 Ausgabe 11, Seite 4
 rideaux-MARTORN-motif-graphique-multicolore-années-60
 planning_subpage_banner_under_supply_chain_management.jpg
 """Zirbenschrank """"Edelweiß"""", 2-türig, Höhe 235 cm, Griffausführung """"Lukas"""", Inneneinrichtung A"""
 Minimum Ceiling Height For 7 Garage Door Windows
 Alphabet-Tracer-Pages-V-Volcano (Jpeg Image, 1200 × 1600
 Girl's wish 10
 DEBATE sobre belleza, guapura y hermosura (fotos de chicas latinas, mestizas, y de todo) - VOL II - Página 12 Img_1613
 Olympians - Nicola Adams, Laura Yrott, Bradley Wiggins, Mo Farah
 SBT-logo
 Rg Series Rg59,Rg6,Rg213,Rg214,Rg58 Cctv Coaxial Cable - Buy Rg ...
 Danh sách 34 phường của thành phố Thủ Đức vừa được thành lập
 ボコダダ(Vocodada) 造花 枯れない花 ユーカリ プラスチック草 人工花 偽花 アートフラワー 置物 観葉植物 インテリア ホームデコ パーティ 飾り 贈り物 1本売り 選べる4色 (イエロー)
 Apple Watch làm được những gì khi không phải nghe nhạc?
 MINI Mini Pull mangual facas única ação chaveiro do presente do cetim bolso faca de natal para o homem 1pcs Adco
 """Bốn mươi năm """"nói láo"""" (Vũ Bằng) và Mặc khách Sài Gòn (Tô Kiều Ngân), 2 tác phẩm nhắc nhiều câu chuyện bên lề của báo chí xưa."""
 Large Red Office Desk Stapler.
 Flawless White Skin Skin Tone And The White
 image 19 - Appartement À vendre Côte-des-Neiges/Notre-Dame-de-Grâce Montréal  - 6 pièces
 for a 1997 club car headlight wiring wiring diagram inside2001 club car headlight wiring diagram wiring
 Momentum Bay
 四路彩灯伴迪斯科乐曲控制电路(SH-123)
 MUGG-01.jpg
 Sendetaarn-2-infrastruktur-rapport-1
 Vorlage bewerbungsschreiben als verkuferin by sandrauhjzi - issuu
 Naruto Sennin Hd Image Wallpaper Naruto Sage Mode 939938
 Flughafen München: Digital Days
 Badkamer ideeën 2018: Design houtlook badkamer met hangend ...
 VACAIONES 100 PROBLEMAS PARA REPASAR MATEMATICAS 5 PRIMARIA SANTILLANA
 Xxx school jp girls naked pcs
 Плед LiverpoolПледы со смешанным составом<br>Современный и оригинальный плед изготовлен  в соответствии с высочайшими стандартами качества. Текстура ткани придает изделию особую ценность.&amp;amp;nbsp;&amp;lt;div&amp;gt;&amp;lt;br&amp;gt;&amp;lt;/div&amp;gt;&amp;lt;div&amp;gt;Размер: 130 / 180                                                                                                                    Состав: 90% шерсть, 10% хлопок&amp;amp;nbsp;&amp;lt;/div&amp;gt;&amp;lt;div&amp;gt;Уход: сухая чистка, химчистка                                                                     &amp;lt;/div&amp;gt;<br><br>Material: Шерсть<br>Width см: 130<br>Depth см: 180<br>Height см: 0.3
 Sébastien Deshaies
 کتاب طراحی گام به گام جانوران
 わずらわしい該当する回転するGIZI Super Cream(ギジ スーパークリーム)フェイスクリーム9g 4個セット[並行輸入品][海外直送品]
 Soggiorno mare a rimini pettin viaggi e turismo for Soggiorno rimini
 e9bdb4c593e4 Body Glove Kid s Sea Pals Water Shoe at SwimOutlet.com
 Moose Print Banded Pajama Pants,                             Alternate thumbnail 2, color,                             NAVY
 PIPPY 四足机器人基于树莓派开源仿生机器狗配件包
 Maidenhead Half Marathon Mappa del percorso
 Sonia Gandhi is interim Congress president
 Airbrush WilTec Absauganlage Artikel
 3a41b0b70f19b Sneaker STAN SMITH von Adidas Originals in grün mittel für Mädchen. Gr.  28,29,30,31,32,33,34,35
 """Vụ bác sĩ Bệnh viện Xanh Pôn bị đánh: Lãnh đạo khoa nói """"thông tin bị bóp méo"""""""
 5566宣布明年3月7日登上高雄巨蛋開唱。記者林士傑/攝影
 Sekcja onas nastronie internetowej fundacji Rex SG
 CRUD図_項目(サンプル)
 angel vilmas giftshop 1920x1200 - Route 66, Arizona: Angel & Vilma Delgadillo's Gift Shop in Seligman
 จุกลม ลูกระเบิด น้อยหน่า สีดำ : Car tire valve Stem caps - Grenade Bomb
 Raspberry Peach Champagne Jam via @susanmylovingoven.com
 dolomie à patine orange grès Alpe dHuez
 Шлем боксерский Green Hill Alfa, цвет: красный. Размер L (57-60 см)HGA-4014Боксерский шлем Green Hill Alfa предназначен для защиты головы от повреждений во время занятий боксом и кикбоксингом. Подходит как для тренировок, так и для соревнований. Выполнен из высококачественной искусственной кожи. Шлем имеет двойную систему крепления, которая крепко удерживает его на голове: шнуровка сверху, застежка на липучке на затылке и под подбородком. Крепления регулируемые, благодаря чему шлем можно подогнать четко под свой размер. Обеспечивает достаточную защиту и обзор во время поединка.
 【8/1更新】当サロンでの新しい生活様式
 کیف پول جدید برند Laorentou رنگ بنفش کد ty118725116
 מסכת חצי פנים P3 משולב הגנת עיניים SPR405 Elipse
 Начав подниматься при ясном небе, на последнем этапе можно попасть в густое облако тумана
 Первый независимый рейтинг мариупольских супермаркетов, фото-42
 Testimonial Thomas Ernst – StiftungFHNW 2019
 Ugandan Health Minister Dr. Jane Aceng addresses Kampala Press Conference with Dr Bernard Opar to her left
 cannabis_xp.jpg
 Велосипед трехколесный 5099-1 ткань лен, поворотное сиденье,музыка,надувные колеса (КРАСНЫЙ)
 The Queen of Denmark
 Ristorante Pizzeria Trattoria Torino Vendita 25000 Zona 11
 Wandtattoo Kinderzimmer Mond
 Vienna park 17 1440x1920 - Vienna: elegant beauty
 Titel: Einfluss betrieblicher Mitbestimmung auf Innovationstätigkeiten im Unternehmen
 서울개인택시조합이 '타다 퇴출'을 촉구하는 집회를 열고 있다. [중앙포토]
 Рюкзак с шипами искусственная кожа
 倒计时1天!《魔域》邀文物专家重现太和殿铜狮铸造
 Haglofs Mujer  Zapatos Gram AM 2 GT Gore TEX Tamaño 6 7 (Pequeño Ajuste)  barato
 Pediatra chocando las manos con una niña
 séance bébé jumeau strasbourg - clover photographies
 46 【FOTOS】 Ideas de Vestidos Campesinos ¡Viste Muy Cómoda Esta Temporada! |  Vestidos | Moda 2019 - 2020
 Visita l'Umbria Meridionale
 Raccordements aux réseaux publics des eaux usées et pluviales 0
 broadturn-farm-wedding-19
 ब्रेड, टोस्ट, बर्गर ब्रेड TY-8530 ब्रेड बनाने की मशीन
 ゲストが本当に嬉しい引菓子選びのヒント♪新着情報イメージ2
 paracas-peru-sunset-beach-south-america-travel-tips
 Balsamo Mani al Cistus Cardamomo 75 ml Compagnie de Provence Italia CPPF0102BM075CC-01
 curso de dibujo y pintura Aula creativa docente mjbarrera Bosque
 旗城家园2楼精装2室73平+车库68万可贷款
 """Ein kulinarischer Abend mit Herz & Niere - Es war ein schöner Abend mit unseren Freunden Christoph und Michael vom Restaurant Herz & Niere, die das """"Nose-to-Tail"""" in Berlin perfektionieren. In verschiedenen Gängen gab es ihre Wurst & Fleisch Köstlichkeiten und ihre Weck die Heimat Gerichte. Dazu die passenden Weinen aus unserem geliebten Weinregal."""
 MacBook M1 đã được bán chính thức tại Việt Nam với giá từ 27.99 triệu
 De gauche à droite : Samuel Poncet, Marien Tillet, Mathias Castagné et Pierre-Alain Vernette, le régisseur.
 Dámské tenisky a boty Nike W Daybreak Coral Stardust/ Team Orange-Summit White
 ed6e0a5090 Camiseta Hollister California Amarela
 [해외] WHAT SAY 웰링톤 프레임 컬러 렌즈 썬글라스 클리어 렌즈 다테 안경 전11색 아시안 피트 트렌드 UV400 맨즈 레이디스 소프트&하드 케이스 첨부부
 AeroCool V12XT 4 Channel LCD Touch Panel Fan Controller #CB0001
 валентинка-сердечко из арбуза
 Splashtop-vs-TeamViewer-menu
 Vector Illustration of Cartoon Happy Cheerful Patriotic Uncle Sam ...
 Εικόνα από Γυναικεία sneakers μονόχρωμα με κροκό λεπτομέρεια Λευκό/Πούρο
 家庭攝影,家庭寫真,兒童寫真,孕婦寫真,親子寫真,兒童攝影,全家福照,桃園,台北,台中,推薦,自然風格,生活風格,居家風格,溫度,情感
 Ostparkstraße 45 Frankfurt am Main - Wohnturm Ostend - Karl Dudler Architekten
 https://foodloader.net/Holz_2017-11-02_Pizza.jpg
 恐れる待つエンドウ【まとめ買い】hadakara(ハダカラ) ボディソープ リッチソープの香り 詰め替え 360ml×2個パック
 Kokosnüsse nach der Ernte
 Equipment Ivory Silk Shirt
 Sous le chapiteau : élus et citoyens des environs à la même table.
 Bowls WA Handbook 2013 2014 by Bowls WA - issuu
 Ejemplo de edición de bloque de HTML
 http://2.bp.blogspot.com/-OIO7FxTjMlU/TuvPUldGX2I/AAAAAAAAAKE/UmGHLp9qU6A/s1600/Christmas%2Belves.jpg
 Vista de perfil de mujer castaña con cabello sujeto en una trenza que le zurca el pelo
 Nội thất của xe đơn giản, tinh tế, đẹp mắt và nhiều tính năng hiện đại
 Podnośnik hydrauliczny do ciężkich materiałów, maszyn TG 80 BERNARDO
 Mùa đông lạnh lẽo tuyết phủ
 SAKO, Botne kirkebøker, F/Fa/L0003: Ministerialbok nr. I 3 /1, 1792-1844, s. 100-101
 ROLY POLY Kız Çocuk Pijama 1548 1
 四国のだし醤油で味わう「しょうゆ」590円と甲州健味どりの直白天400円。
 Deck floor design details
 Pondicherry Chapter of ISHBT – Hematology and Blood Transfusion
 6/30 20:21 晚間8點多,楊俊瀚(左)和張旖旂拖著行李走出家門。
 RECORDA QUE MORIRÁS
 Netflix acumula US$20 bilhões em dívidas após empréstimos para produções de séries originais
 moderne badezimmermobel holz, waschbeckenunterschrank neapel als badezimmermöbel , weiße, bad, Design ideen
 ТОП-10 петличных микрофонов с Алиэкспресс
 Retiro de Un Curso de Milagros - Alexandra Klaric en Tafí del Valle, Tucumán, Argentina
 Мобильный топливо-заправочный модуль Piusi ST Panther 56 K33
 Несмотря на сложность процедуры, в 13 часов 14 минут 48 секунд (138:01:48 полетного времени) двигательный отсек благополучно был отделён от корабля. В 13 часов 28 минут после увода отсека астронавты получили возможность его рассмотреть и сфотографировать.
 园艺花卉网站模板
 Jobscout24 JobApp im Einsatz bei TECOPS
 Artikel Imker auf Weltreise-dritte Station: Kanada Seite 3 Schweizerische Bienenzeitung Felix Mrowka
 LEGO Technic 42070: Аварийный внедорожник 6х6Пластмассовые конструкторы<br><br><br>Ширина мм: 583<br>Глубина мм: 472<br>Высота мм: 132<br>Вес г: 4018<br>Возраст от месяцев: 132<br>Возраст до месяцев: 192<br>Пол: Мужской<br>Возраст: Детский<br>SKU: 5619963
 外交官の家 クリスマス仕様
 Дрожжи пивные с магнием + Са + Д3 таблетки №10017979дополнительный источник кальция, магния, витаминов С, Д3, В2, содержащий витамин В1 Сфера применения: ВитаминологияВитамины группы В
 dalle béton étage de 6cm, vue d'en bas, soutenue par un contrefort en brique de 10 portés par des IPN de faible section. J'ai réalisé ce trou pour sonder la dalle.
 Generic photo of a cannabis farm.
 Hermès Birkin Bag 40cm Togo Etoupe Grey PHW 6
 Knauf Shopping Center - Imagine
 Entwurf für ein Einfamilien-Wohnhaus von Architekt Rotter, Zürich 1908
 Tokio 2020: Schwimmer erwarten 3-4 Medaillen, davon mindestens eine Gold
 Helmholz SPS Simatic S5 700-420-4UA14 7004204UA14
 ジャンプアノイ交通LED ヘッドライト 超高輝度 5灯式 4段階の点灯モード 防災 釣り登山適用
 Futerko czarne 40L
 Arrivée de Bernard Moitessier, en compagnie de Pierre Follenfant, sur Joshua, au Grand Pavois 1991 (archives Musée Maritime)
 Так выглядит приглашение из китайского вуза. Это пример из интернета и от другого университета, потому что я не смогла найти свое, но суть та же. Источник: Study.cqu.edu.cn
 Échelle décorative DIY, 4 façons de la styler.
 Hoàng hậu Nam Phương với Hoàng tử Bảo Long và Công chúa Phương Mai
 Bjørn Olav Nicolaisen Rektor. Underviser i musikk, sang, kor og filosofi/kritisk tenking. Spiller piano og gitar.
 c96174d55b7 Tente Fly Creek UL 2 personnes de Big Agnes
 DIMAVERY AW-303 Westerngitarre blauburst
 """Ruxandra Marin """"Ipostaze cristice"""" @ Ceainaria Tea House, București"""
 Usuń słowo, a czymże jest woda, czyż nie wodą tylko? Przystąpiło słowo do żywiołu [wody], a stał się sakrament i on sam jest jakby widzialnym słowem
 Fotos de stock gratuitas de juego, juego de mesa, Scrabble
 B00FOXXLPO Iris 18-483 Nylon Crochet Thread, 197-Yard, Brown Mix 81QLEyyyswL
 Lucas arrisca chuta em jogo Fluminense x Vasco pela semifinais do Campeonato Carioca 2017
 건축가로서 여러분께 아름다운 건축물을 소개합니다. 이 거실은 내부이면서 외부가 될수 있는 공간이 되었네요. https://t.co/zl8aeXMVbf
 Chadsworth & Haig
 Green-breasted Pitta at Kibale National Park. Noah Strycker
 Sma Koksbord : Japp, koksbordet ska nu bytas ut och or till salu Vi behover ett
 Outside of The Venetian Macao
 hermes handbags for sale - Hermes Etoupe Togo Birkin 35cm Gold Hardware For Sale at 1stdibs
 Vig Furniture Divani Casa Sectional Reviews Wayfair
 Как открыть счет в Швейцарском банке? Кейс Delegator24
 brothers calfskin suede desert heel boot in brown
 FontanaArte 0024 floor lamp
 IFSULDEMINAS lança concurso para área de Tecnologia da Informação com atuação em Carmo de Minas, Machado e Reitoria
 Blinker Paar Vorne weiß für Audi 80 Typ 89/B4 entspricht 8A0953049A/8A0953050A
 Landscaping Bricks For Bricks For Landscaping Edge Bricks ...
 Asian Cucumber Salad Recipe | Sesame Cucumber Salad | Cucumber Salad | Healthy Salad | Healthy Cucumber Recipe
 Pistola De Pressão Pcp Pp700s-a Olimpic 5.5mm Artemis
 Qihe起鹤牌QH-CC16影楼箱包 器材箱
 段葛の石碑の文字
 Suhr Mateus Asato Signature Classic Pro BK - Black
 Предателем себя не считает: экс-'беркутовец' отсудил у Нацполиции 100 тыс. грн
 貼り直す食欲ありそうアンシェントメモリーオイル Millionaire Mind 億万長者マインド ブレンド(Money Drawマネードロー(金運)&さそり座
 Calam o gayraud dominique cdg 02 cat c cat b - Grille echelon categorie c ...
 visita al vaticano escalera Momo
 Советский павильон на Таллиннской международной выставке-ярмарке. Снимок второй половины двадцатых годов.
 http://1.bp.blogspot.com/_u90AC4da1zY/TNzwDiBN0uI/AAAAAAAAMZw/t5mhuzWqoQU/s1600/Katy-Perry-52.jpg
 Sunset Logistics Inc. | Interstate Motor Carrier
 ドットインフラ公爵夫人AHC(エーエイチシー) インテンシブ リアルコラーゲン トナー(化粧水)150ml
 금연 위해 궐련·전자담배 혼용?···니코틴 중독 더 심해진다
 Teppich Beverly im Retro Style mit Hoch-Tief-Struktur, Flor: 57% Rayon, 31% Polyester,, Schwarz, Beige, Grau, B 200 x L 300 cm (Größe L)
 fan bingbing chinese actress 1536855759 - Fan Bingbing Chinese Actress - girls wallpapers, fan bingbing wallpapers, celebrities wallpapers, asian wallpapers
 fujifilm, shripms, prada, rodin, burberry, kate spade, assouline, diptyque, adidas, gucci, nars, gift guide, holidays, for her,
--
▶ [What you will do]: Produce the lines from the top of the listing through the "Flawless White Skin Skin Tone And The White" line exactly as they appear, with no additional output.

▶ [Result for this task]:
 Ausgabe 11, Seite 4
 rideaux-MARTORN-motif-graphique-multicolore-années-60
 planning_subpage_banner_under_supply_chain_management.jpg
 """Zirbenschrank """"Edelweiß"""", 2-türig, Höhe 235 cm, Griffausführung """"Lukas"""", Inneneinrichtung A"""
 Minimum Ceiling Height For 7 Garage Door Windows
 Alphabet-Tracer-Pages-V-Volcano (Jpeg Image, 1200 × 1600
 Girl's wish 10
 DEBATE sobre belleza, guapura y hermosura (fotos de chicas latinas, mestizas, y de todo) - VOL II - Página 12 Img_1613
 Olympians - Nicola Adams, Laura Yrott, Bradley Wiggins, Mo Farah
 SBT-logo
 Rg Series Rg59,Rg6,Rg213,Rg214,Rg58 Cctv Coaxial Cable - Buy Rg ...
 Danh sách 34 phường của thành phố Thủ Đức vừa được thành lập
 ボコダダ(Vocodada) 造花 枯れない花 ユーカリ プラスチック草 人工花 偽花 アートフラワー 置物 観葉植物 インテリア ホームデコ パーティ 飾り 贈り物 1本売り 選べる4色 (イエロー)
 Apple Watch làm được những gì khi không phải nghe nhạc?
 MINI Mini Pull mangual facas única ação chaveiro do presente do cetim bolso faca de natal para o homem 1pcs Adco
 """Bốn mươi năm """"nói láo"""" (Vũ Bằng) và Mặc khách Sài Gòn (Tô Kiều Ngân), 2 tác phẩm nhắc nhiều câu chuyện bên lề của báo chí xưa."""
 Large Red Office Desk Stapler.
 Flawless White Skin Skin Tone And The White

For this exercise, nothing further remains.